Among the lines below, copy exactly those from the one with "Auf einem gepflasterten" through the one with "Acheter PHATOIL Huiles", counting both ends.

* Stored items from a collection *
***
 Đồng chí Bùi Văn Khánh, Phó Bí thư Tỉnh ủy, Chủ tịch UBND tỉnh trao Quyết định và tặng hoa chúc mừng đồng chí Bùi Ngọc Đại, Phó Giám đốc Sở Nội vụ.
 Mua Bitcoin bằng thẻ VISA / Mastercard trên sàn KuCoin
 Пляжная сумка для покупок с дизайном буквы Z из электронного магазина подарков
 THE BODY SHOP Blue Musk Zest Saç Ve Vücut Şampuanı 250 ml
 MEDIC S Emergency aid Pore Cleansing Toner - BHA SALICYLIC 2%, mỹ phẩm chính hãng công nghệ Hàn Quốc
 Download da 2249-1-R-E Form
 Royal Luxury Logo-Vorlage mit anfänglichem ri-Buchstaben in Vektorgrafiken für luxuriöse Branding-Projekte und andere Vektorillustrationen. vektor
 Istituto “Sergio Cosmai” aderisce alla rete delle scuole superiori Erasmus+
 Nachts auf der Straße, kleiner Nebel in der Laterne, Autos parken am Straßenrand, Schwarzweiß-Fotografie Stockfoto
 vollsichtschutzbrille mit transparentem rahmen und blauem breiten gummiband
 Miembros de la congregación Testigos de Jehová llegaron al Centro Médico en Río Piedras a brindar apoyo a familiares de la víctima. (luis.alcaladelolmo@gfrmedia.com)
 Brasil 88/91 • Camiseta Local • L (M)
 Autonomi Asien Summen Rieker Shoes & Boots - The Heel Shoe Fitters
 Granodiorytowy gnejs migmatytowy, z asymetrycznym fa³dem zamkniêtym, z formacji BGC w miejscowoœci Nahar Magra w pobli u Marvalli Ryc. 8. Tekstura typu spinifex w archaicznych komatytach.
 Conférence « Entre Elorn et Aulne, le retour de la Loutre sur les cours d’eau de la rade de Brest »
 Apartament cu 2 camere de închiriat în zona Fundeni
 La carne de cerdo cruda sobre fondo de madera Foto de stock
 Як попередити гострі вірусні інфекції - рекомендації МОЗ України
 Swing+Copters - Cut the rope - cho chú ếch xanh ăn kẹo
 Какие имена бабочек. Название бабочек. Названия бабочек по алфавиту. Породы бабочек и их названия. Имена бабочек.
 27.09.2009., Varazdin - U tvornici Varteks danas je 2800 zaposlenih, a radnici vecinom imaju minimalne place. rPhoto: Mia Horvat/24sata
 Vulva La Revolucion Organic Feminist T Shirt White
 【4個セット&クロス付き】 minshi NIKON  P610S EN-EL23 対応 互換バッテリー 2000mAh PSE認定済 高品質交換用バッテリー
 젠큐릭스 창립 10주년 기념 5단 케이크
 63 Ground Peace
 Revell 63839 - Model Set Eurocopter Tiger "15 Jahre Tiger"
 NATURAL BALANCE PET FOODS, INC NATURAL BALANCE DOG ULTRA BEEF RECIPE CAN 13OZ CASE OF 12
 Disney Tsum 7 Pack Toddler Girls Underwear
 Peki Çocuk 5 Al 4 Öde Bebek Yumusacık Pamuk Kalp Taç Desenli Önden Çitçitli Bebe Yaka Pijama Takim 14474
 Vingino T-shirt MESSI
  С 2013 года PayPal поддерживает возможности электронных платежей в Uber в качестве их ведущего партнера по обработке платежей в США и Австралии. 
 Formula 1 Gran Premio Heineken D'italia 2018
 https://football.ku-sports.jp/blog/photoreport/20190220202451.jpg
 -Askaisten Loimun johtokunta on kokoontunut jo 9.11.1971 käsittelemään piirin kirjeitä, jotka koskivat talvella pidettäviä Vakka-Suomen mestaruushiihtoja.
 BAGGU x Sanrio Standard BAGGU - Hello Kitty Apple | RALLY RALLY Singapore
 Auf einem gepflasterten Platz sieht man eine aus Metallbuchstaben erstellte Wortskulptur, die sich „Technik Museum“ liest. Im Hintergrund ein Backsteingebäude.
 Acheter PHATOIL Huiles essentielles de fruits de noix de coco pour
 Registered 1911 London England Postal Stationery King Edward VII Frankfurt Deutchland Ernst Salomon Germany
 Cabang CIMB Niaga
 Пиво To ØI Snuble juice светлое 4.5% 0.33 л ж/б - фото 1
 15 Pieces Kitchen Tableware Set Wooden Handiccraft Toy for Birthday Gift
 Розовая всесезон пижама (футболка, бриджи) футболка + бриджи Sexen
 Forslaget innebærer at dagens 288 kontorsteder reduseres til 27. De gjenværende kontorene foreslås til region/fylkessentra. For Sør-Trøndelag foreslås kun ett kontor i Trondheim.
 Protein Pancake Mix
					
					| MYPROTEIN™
***
* Output of the task *
 Auf einem gepflasterten Platz sieht man eine aus Metallbuchstaben erstellte Wortskulptur, die sich „Technik Museum“ liest. Im Hintergrund ein Backsteingebäude.
 Acheter PHATOIL Huiles essentielles de fruits de noix de coco pour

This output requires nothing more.